Monday, 29 de April de 2024 ISSN 1519-7670 - Ano 24 - nº 1285

O fantasma que vai e volta

A Constituição proíbe a Censura prévia. Artigo 5º, IX: "É livre a expressão da atividade intelectual, artística, científica e de comunicação, independentemente de censura ou licença". Artigo 220: A manifestação do pensamento, a criação, a expressão e a informação, sob qualquer forma, processo ou veículo não sofrerão qualquer restrição, observado o disposto nesta Constituição. Parágrafo 2º – É vedada toda e qualquer censura de natureza política, ideológica e artística".

Mais claro, impossível. E, no entanto, o Ministério da Justiça deu um jeito para censurar o filme A Serbian Film – Terror sem limites, suspendendo os trabalhos para dar-lhe uma classificação indicativa. Sem classificação indicativa, os cinemas não podem exibi-lo. E o ministro da Justiça é professor de Direito!

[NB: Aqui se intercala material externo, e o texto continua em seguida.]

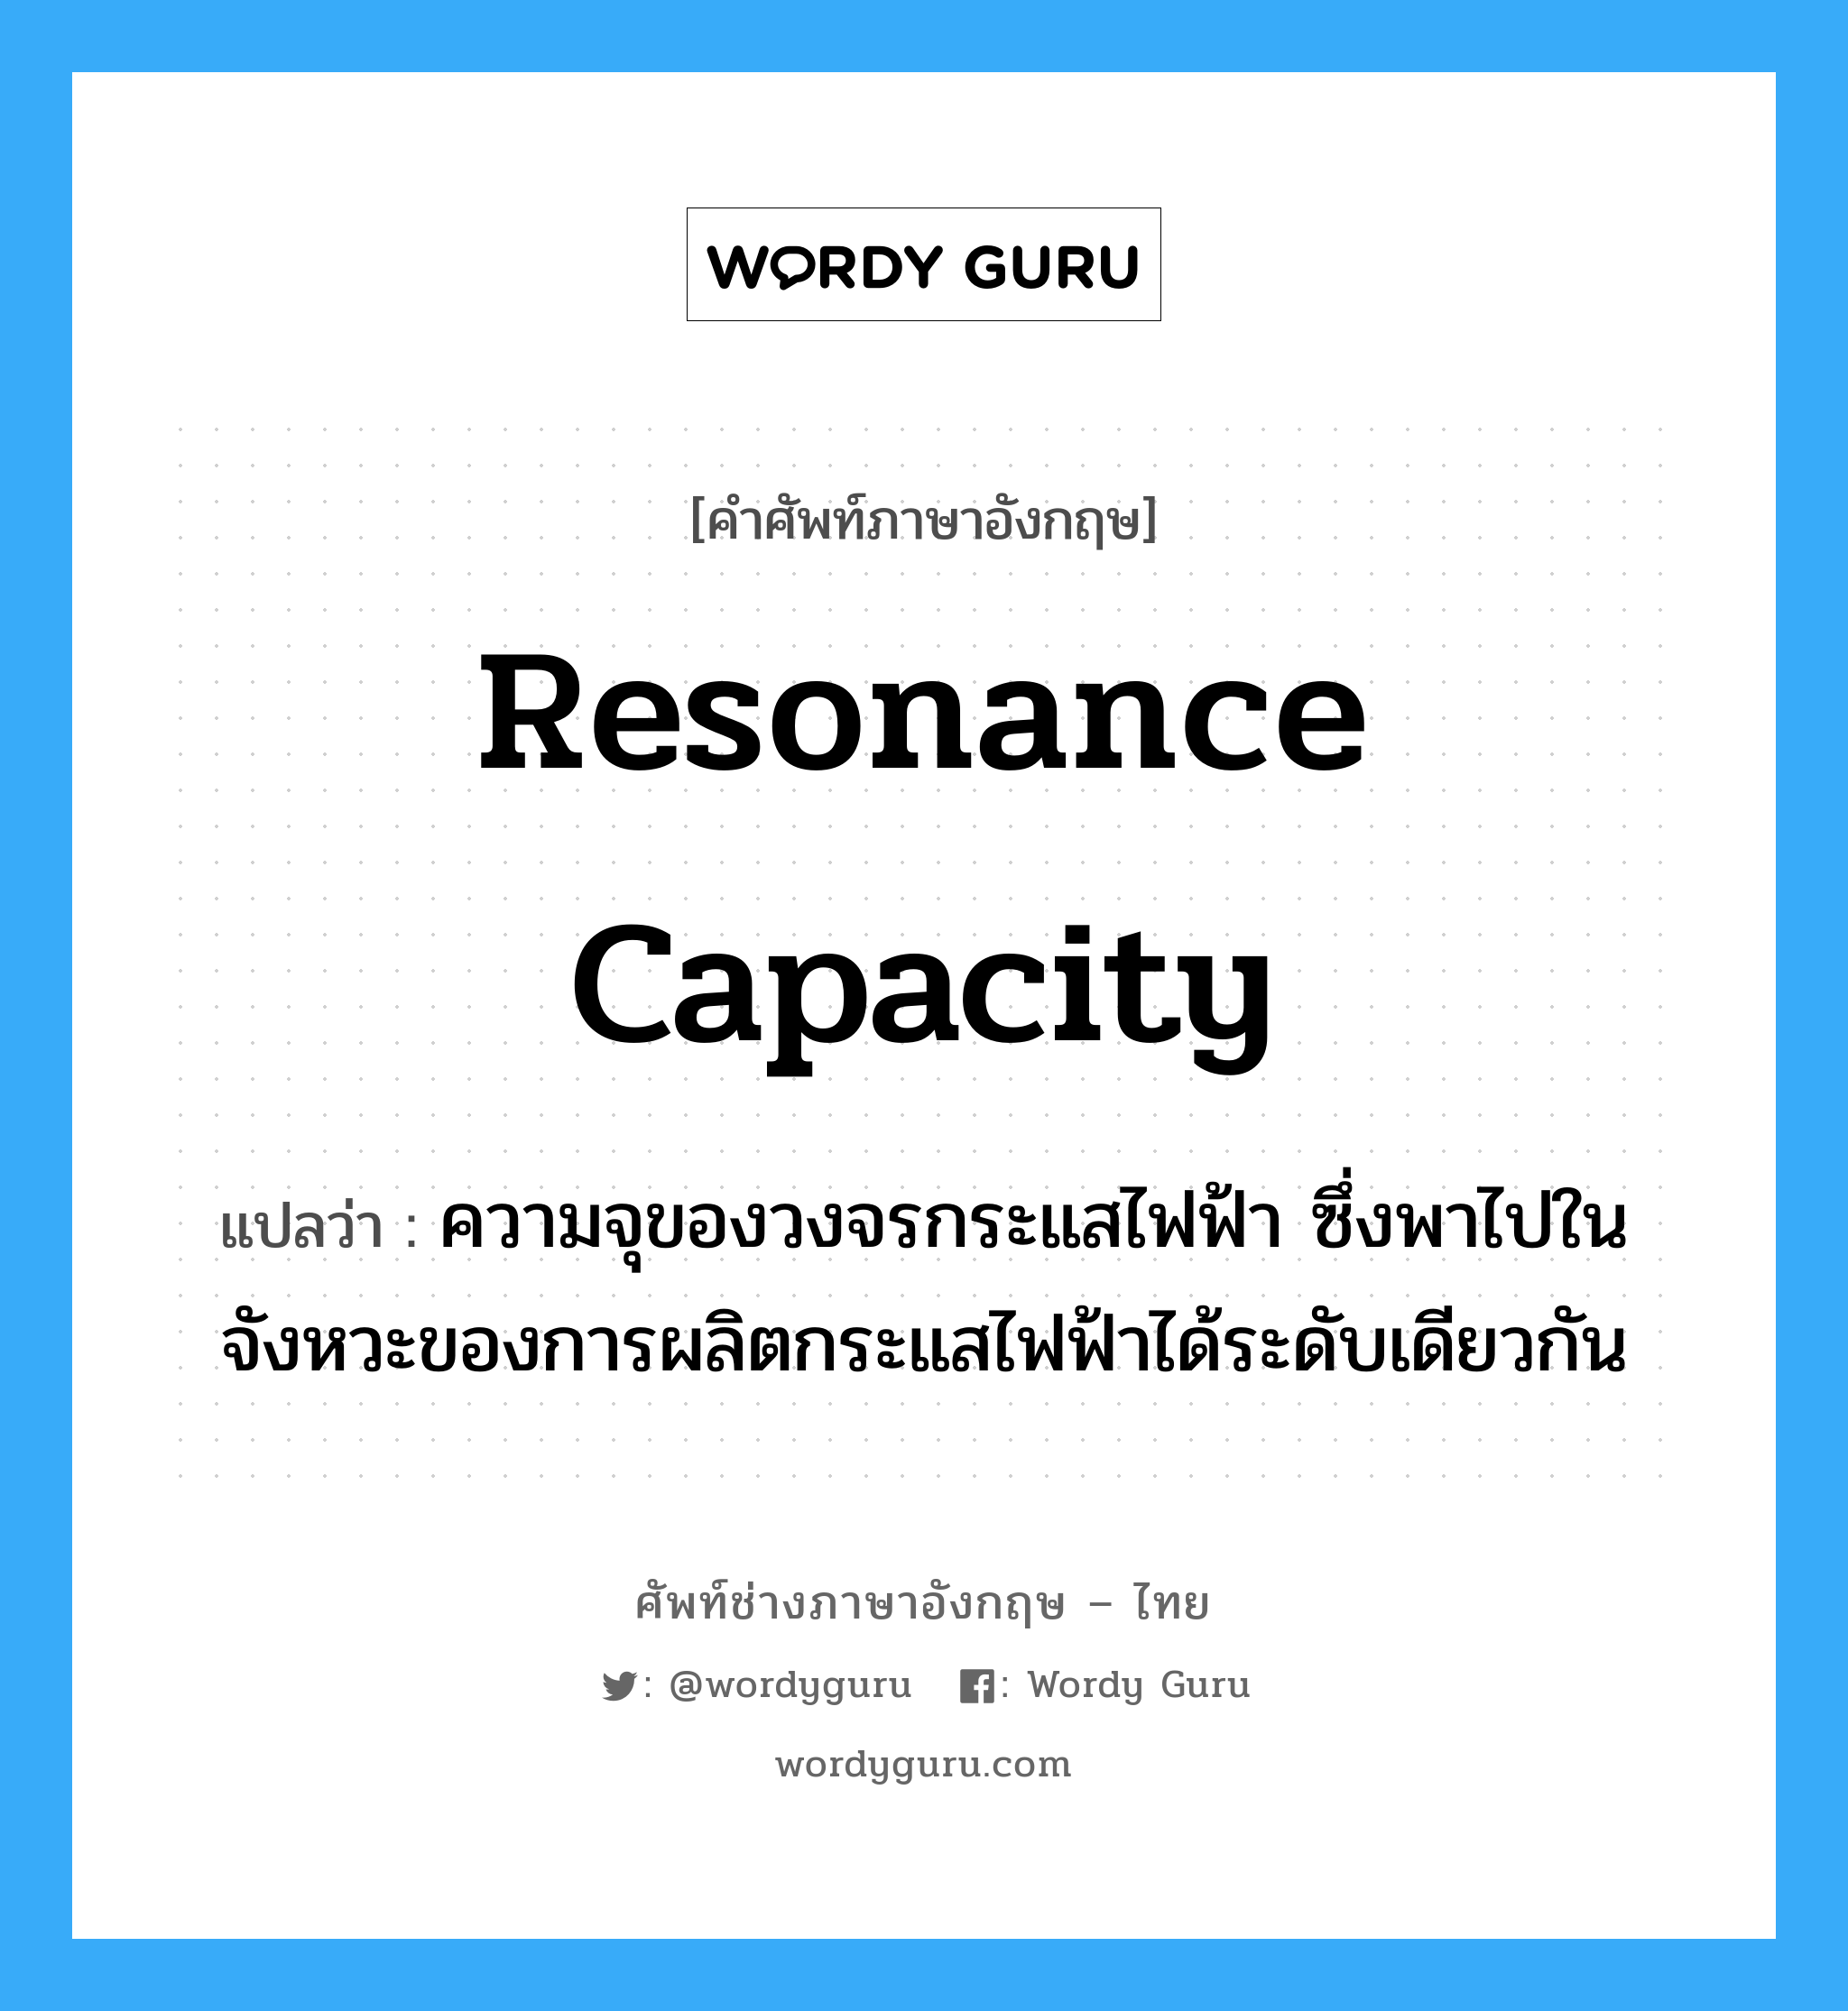 resonance capacity แปลว่า?, คำศัพท์ช่างภาษาอังกฤษ - ไทย resonance capacity คำศัพท์ภาษาอังกฤษ resonance capacity แปลว่า ความจุของวงจรกระแสไฟฟ้า ซึ่งพาไปในจังหวะของการผลิตกระแสไฟฟ้าได้ระดับเดียวกัน

Pelo que dizem, é um filme horroroso, com pedofilia, incesto, necrofilia, estupro de menores, sexo com bebês, tudo o que há de errado. Este colunista não tem a menor intenção de assistir a um filme sérvio, ainda mais com esses excessos repugnantes. Mas, como dizia a revolucionária alemã Rosa Louxembourg (que o ministro da Justiça, petista histórico, certamente conhece), liberdade é a liberdade de quem pensa diferente de nós. Se alguém está disposto a pagar um ingresso de cinema para ver nojeiras, que o faça. E, ao fazê-lo, estará protegido pela Constituição, que Sua Excelência o ministro jurou defender.

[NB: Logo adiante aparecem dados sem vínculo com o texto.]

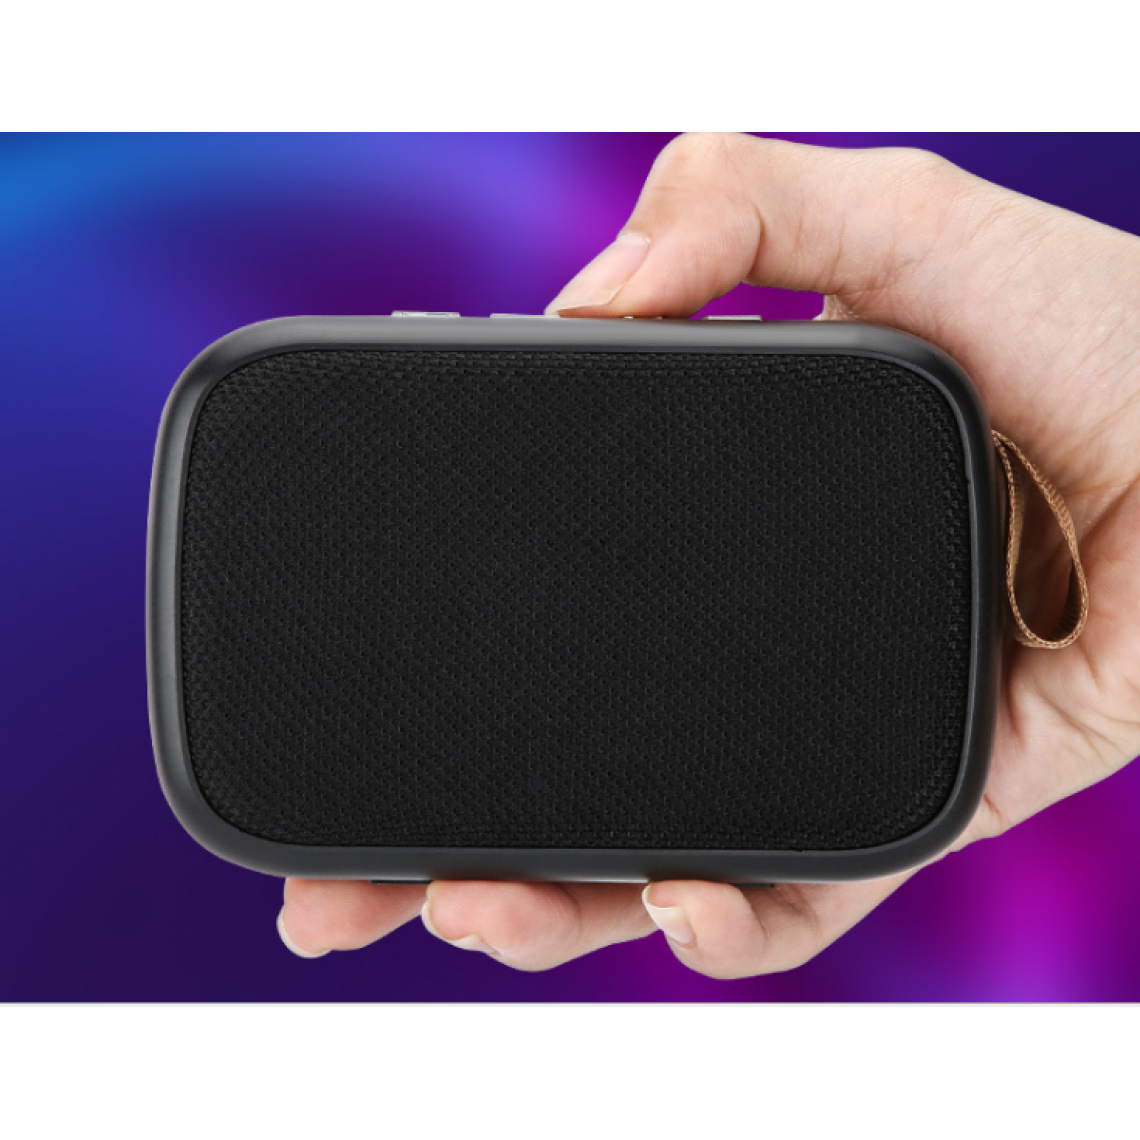 Universal - Haut-parleur Bluetooth multifonctionnel subwoofer portable sans fil musique stéréo surround haut-parleur extérieur support carte TF clé USB FM | haut-parleur portable (noir) - Hauts-parleurs

Para atentar contra a Constituição, juntou-se a extrema esquerda (a corrente do ministro José Eduardo Cardozo é a mesma do governador gaúcho Tarso Genro) à direita mais rançosa, o DEM do Rio, de César e Rodrigo Maia, horrorizado com aquilo que o filme exibe. Estão horrorizados mas não tomam a providência mais efetiva que poderiam adotar: não assistir ao filme. Com isso não se horrorizam e não dão bilheteria nem aos cinemas, nem aos distribuidores, nem aos investidores, nem a qualquer pessoa envolvida com essas nojeiras.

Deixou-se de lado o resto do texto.